Conoscere te stesso in Cristo è come mettere le radici nel terreno buono; maturare dentro di te la fiducia, la lealtà, il senso di responsabilità e di amicizia, è come conquistare un equilibrio che faccia armonia, come potare i rami inutili per rinforzare e rinvigorire quelli necessari alla pienezza dei frutti.

Adesso puoi cominciare a parlare, perché il dialogo non è che il frutto della tua ricerca e della tua maturità spirituale.
Dialogare è come spezzare il pane che sei lentamente diventato.
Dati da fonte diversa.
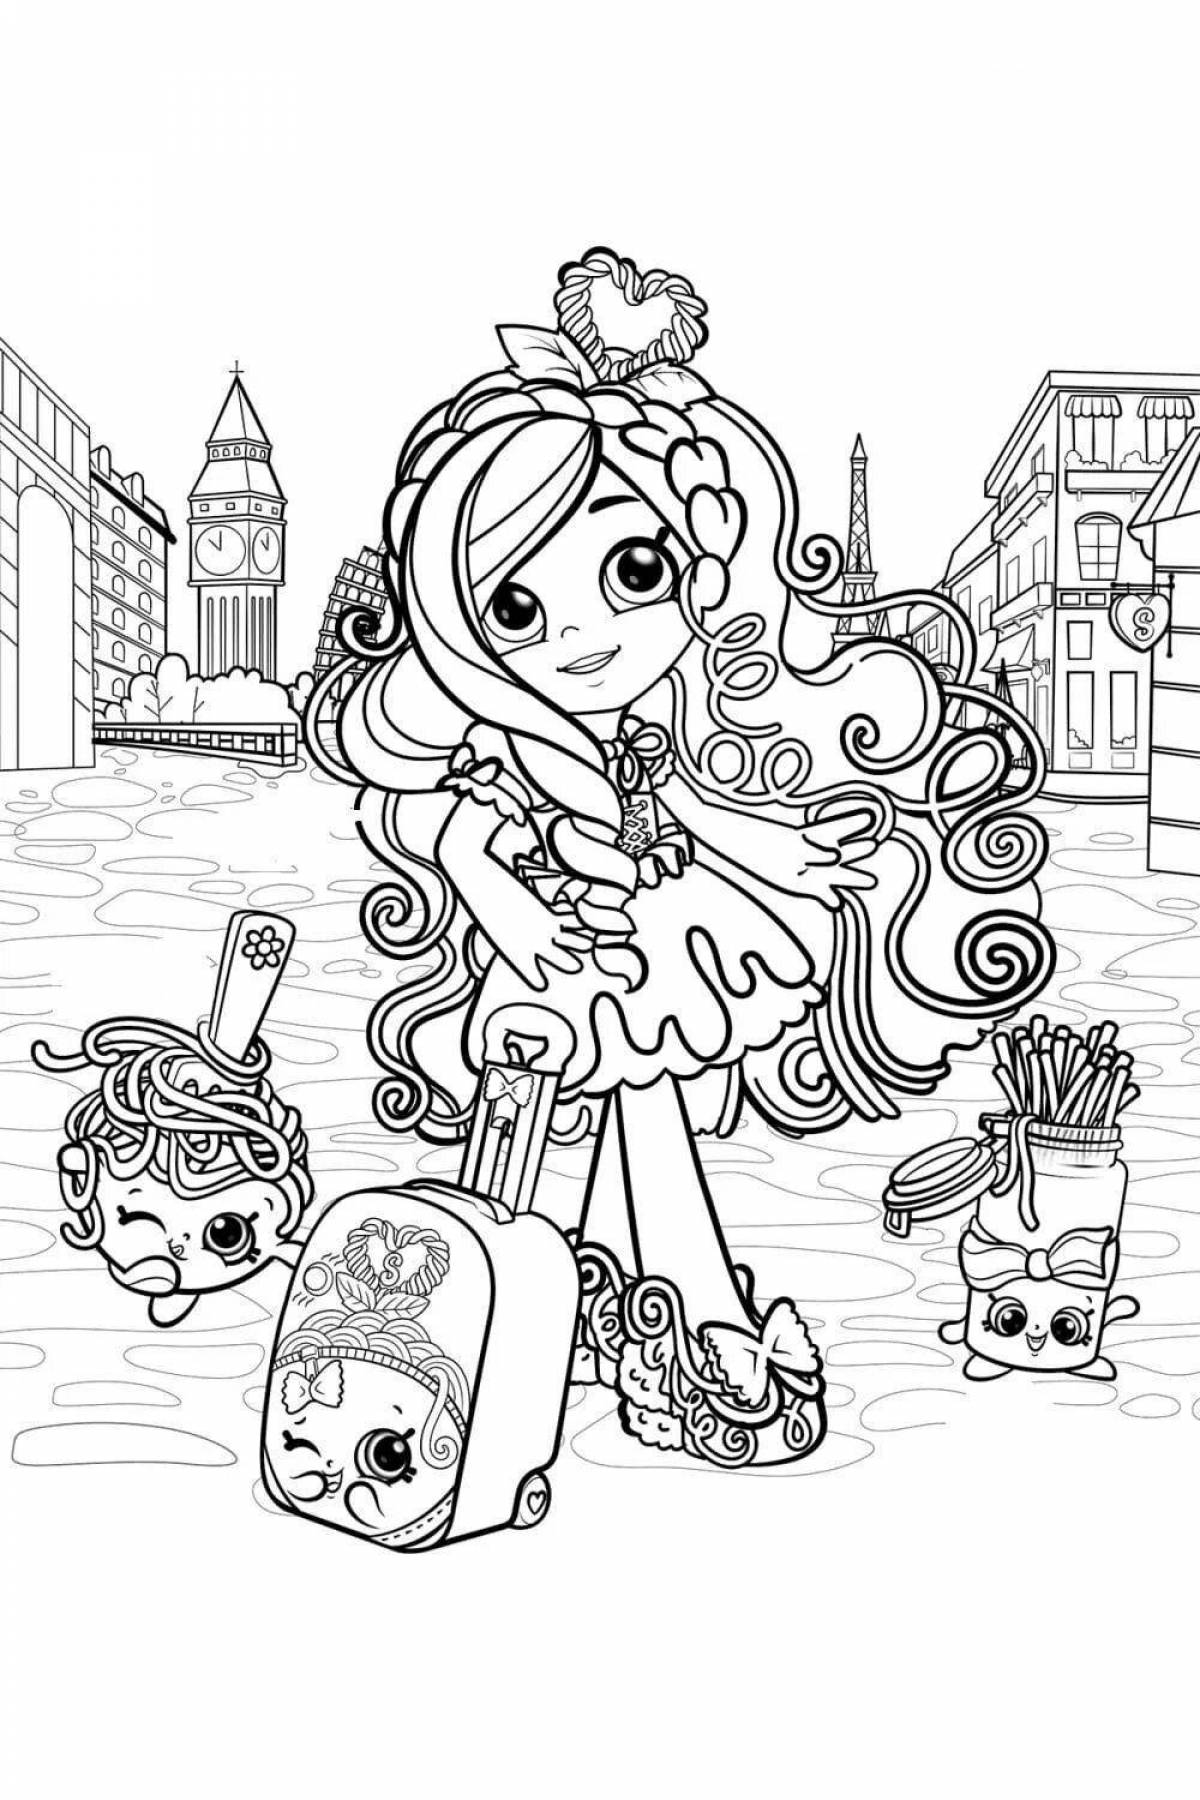 Cute chachimoles coloring page

Lentamente: perché il cammino che ci vuole per passare dal frumento alla spiga, dallo stelo verde al pane fragrante è lungo.
È la conclusione di un lavoro che non cominciò ieri e che finirà domani, ma che dura sempre, perché il pane del dialogo và rinnovato ogni giorno.

Ecco perché il dialogo non consiste solo nelle parole, ma è soprattutto dialogo di cose vere, di verità maturate dentro di noi: è dialogo di pane non di aria.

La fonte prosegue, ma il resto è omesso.